There’s a reason that protein is commonly associated with muscle building and fitness. Cory Sarrett, a consultant for All Inclusive Health in New Orleans, tells SheKnows that proteins are essential for building muscle mass. “Constructed of amino acids, protein helps you stay full and keep your immune system strong,” Sarrett says. “You can’t build muscle without sufficient protein intake.”

Kelly Krikhely, a registered dietician, tells SheKnows that it’s key to eat lean proteins like fish, low-fat yogurt, skinless chicken and eggs. She also encourages experimentation with plant proteins such as tofu, edamame, beans, nuts and seeds.

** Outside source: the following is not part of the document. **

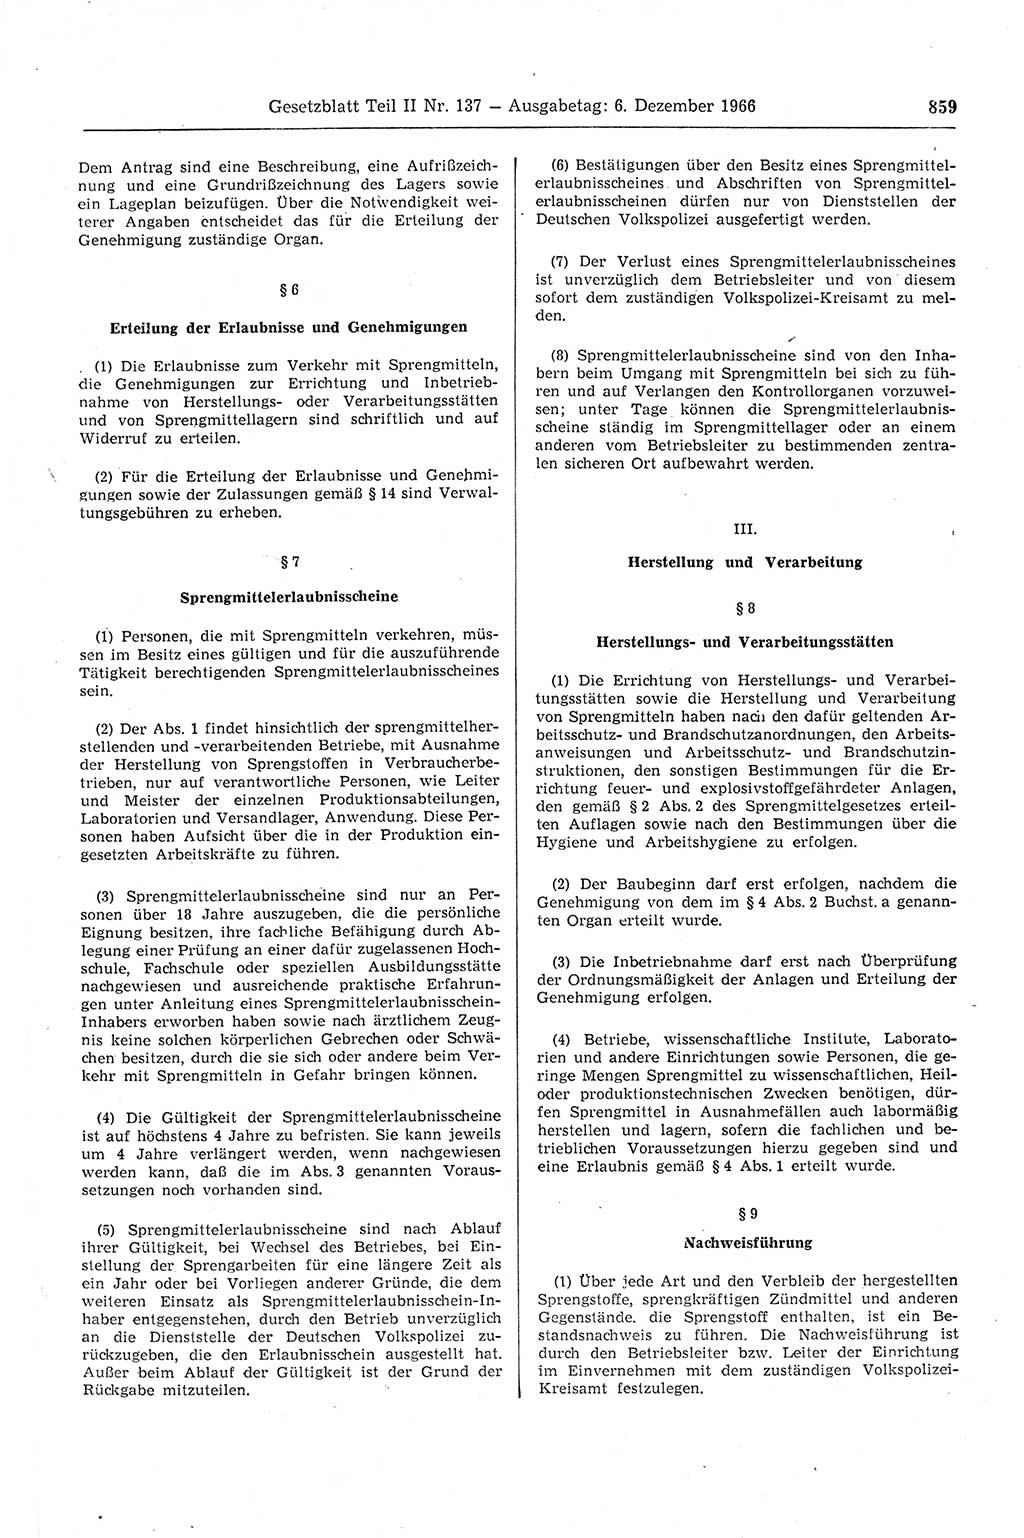 Gesetzblatt (GBl.) der Deutschen Demokratischen Republik (DDR) Teil ⅠⅠ 1966, Seite 859 (GBl. DDR ⅠⅠ 1966, S. 859)

“These lean sources will provide you with the protein you need while limiting the saturated fat in your diet, ” Krikhely explains. “Steak, hamburgers and chicken wings will provide protein but aren’t the best choices for our diet because of their saturated fat content.”

More: What Is Protein & Why Is It So Important?

Carbohydrates

Carbohydrates also provide 4 calories per gram, Sarrett explains, adding that carbohydrates are your body’s main source of energy. Carbs are the macronutrients most easily broken down by the body, and Sarrett says you need them in the largest quantities out of the three macronutrients.

In addition, Krikhely says that, although they don’t deserve their reputation as the enemy, not all carbs are created equal. “We should limit added sugar but make sure to incorporate healthy carbohydrates, including fruits, yogurt, beans, starchy vegetables and whole grains,” she says. “Healthy carbohydrates provide a wide range of vitamins and minerals, including the B vitamins found in whole grains and calcium from yogurt.”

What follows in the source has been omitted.